◆ EXERCISE DETAILS: Every line below is to be set down again exactly; any image stays out.

◆ INPUT DATA:
■ ■ ■ ■ ■
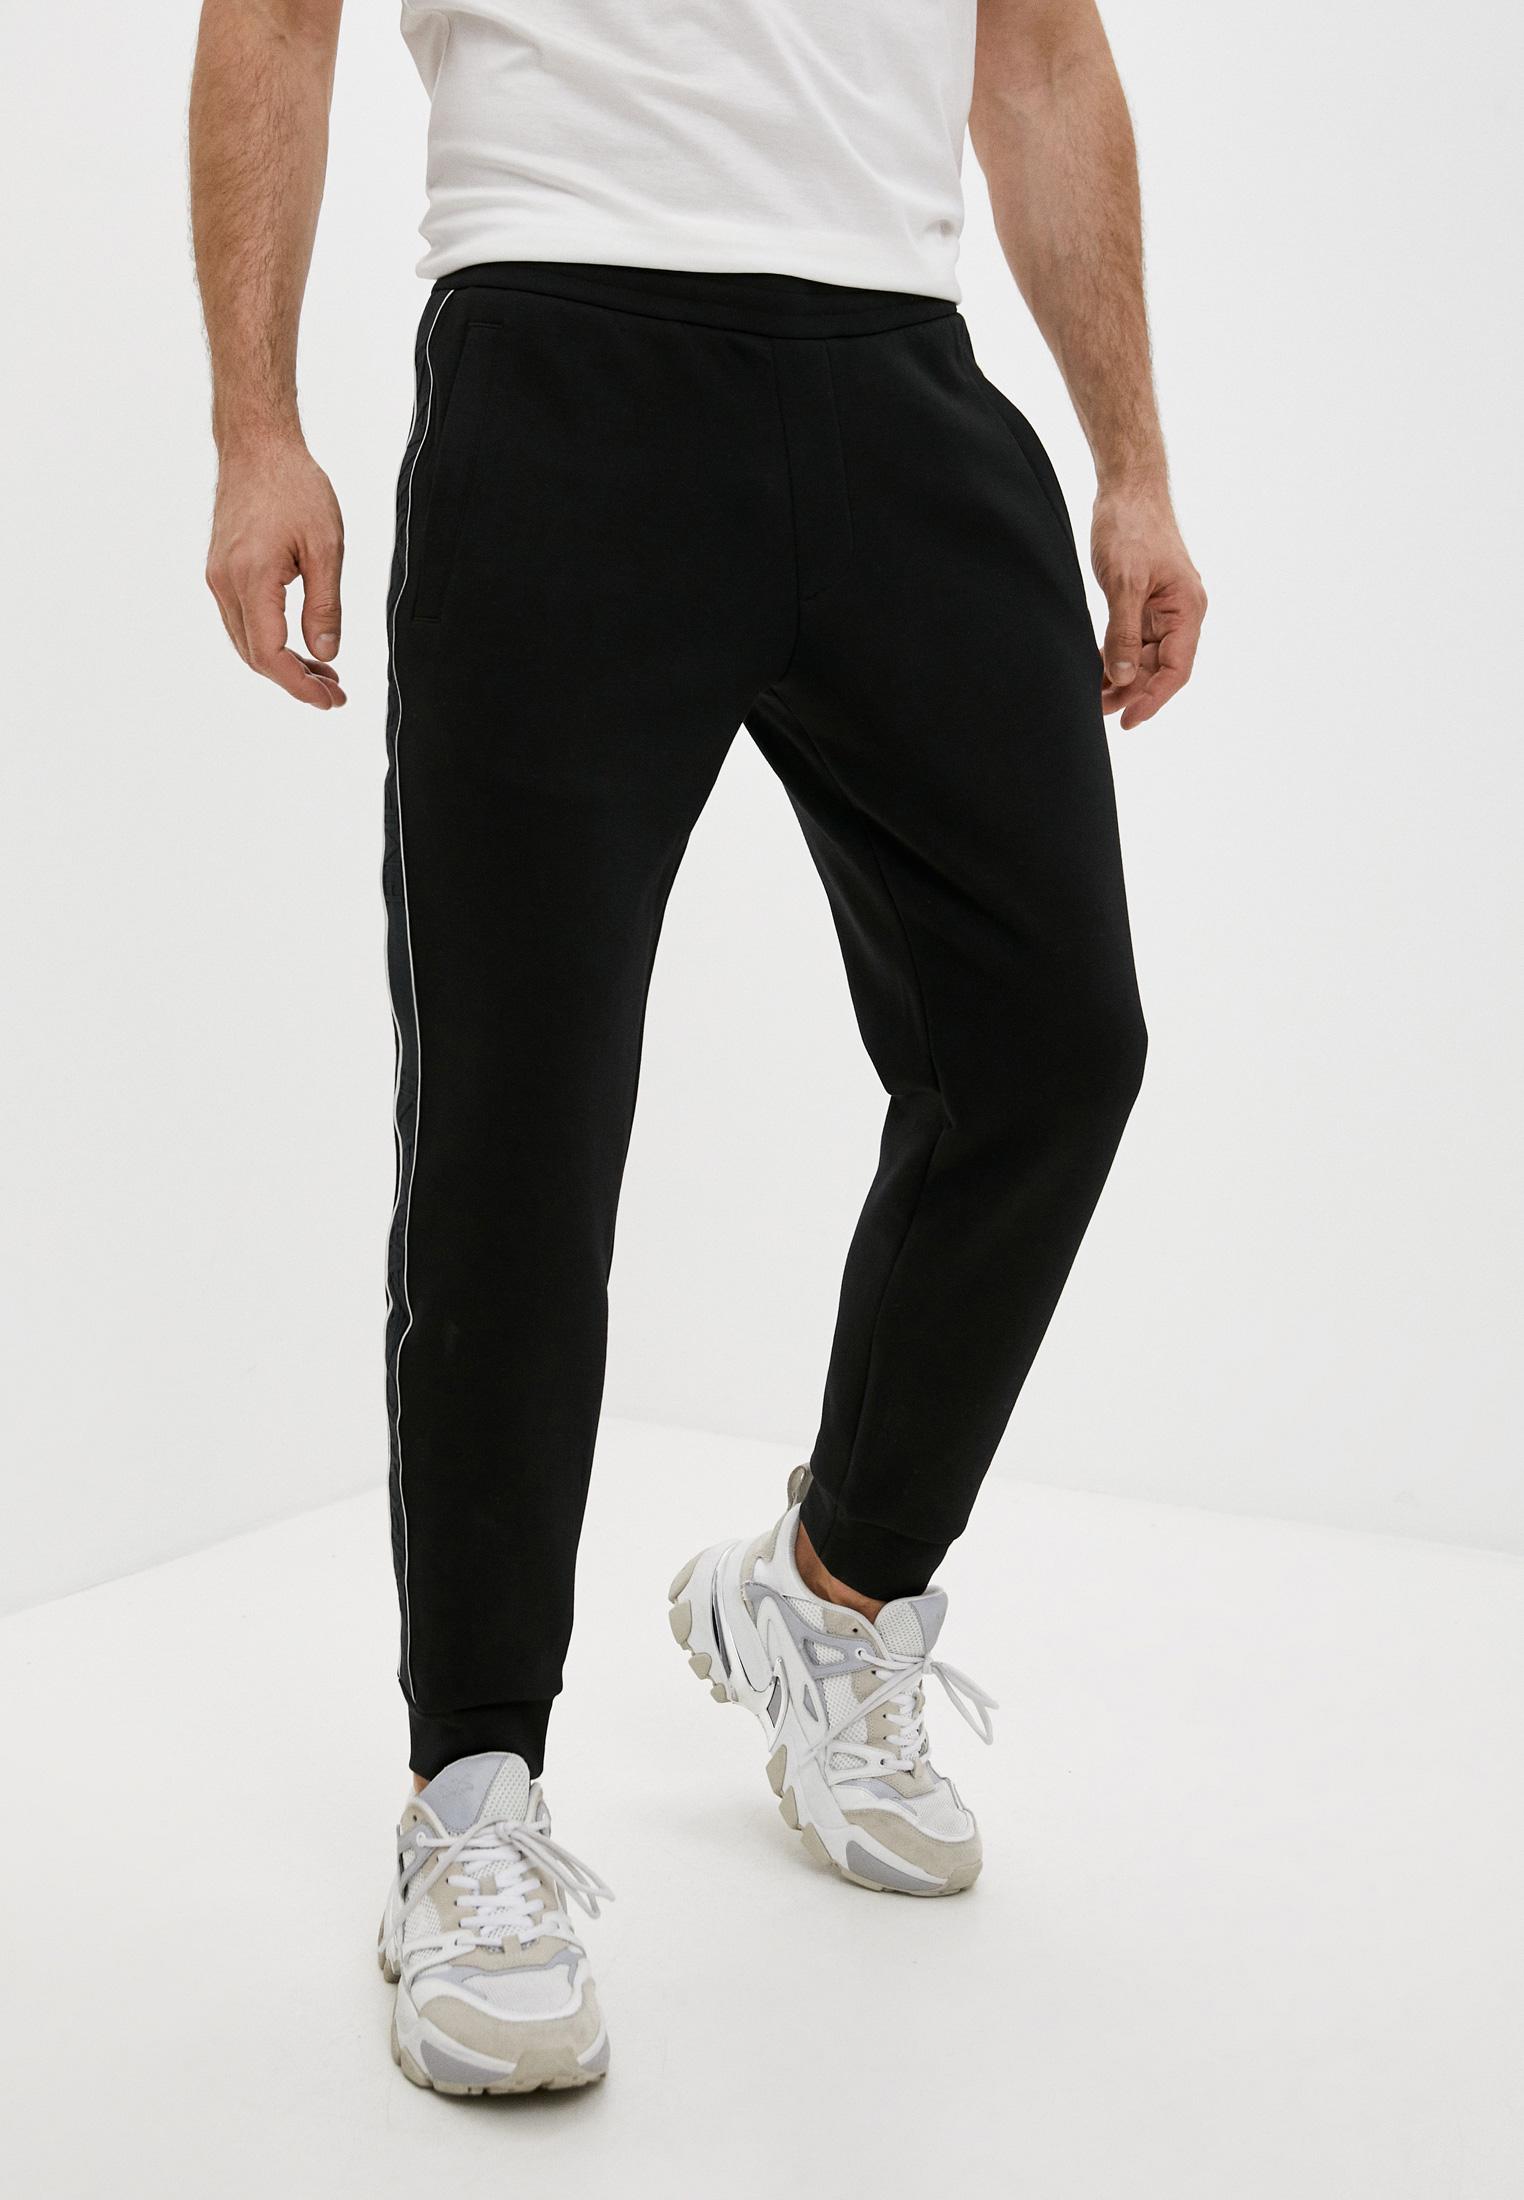 Мужские спортивные брюки Emporio Armani (Эмпорио Армани) Брюки спортивные Emporio Armani
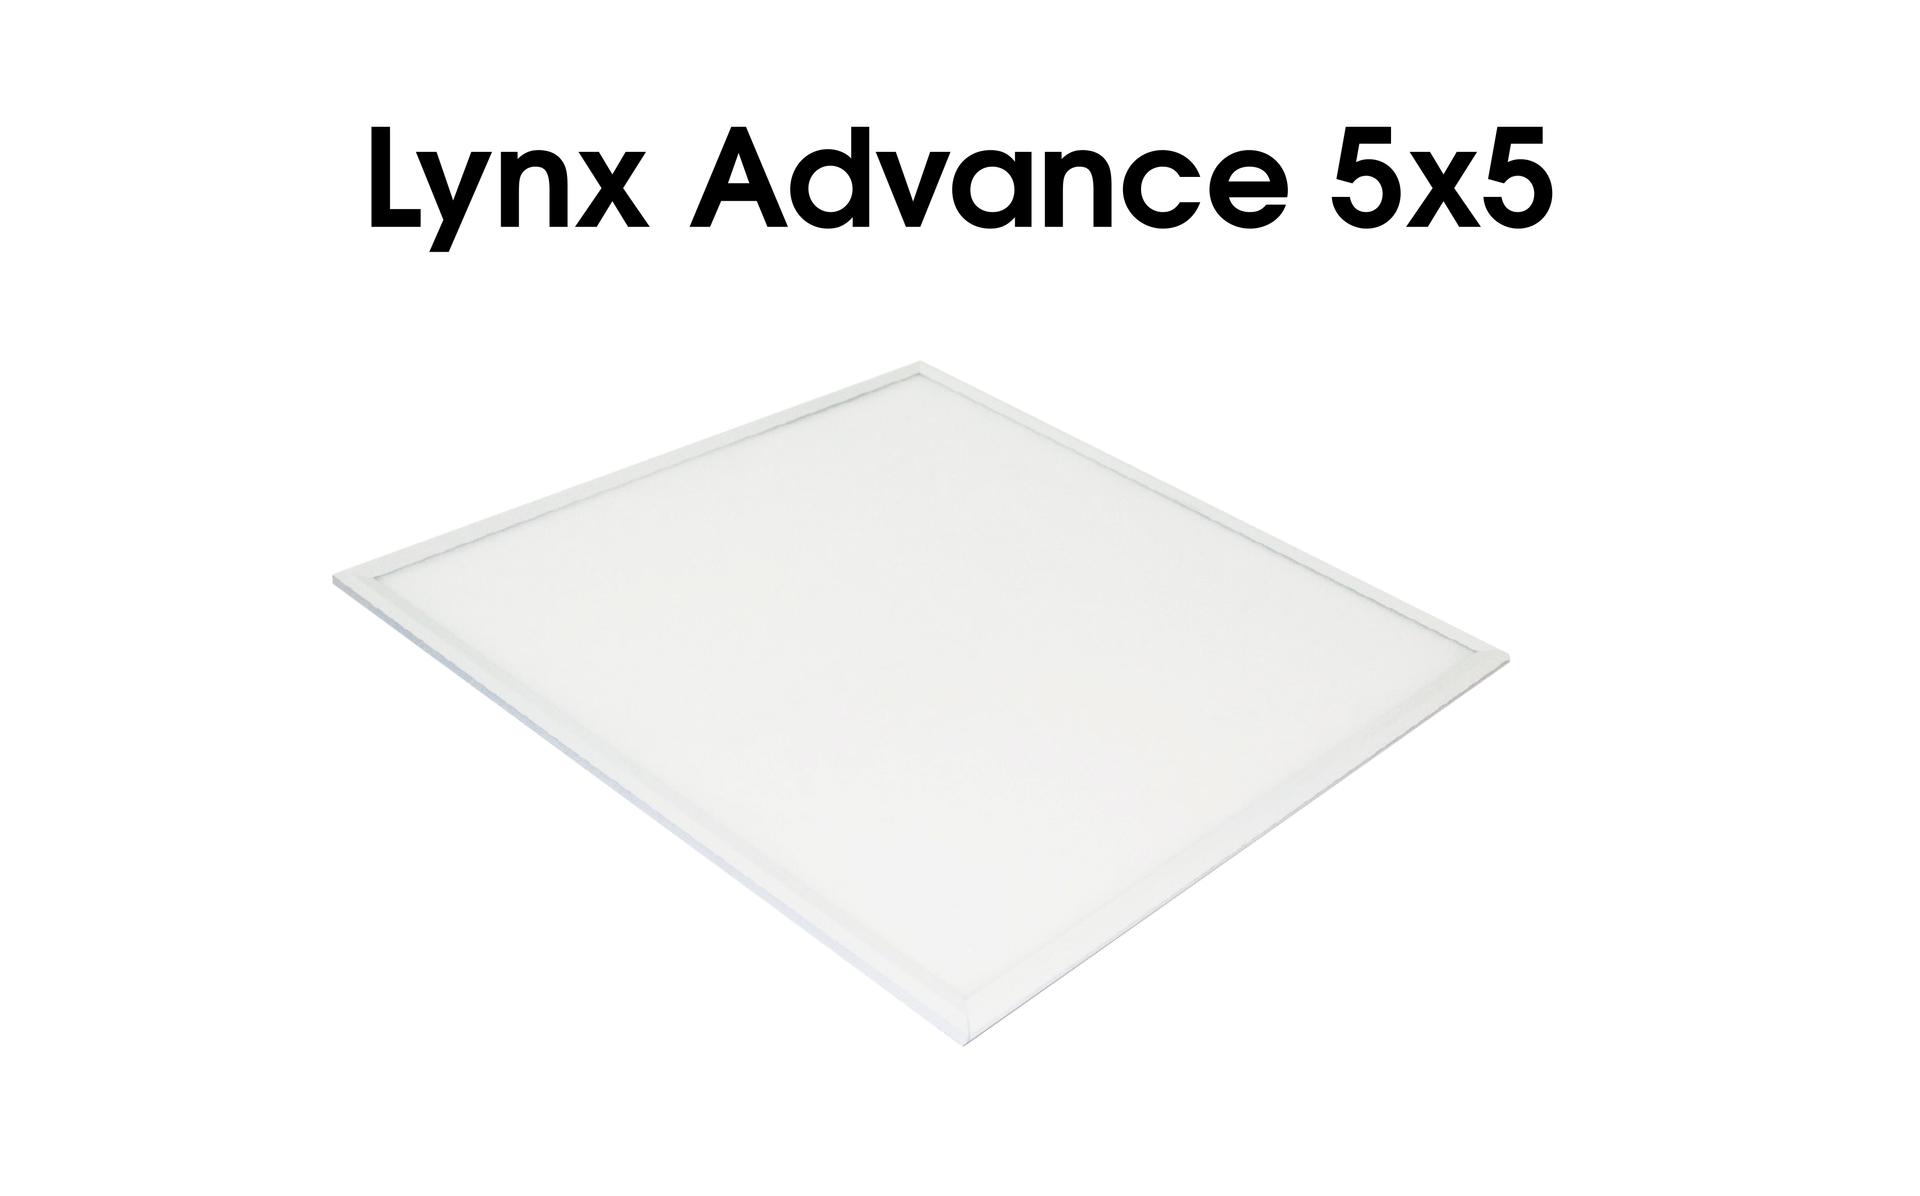 Lynx Adv 5x5 Mobile-01.png
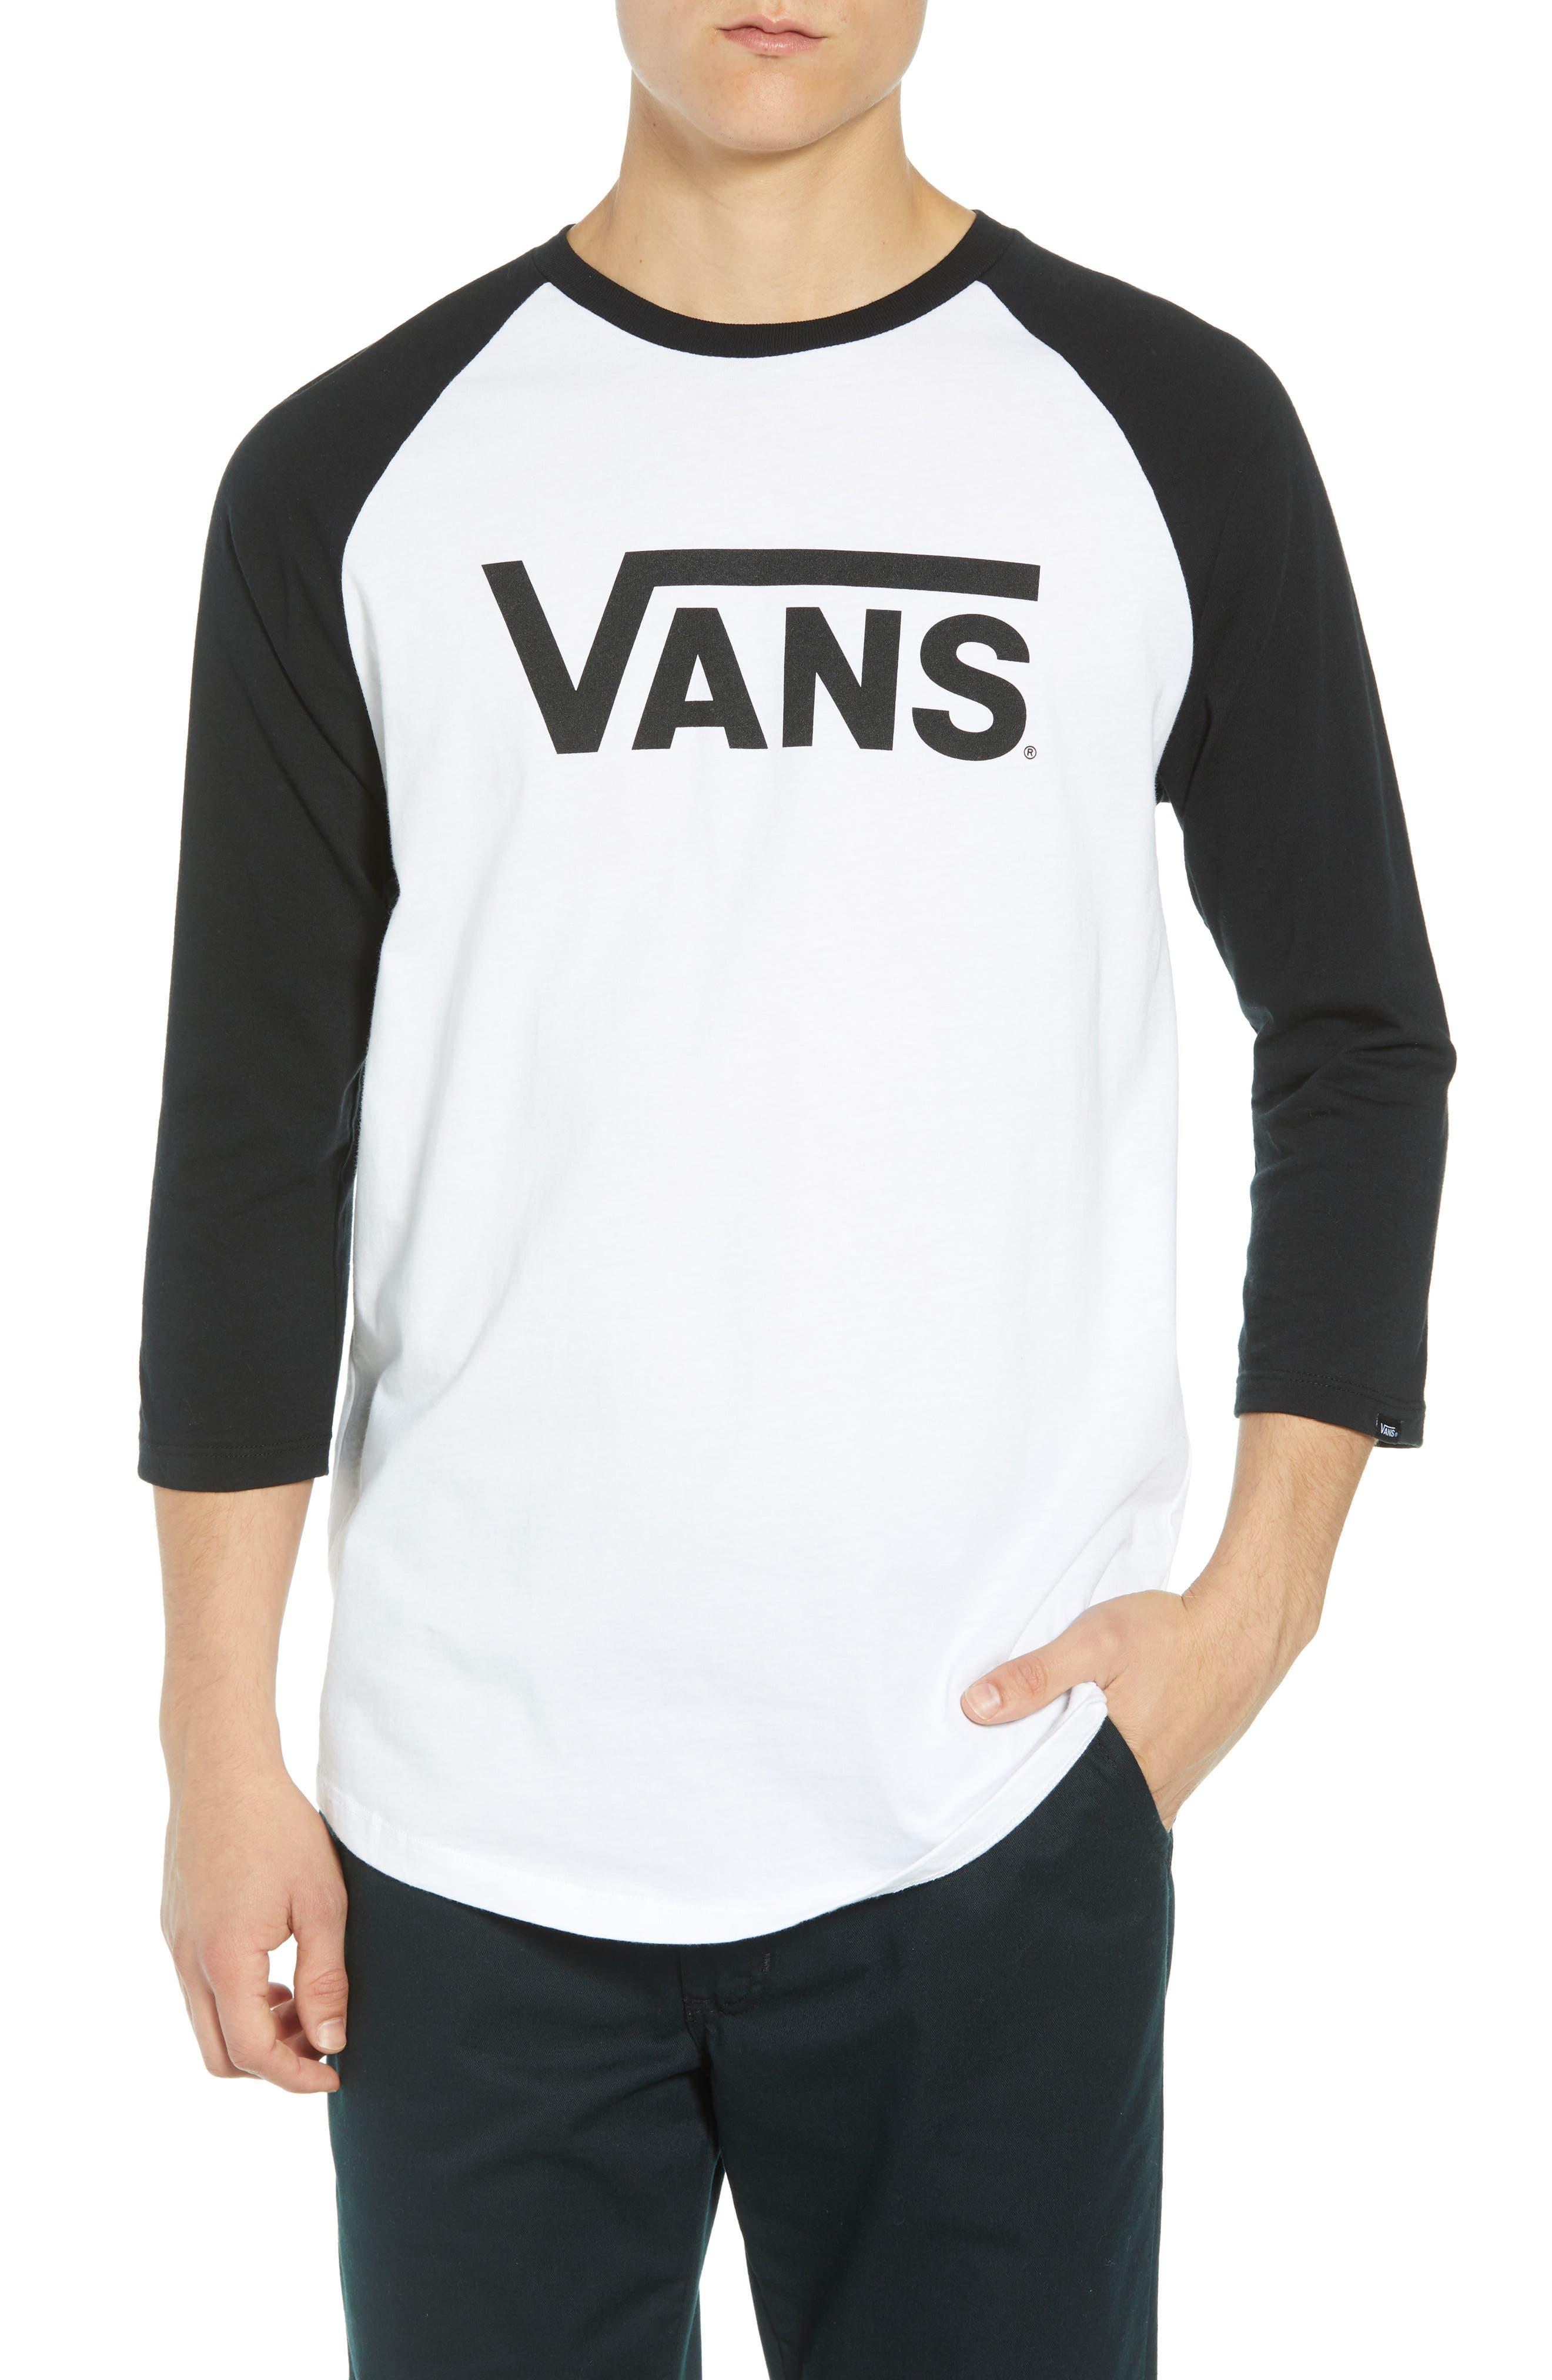 Vans Classic Raglan T-Shirt, White
■ ■ ■ ■ ■
◆ SOLUTION TO THIS EXERCISE:
 Мужские спортивные брюки Emporio Armani (Эмпорио Армани) Брюки спортивные Emporio Armani
 Lynx Adv 5x5 Mobile-01.png
 Vans Classic Raglan T-Shirt, White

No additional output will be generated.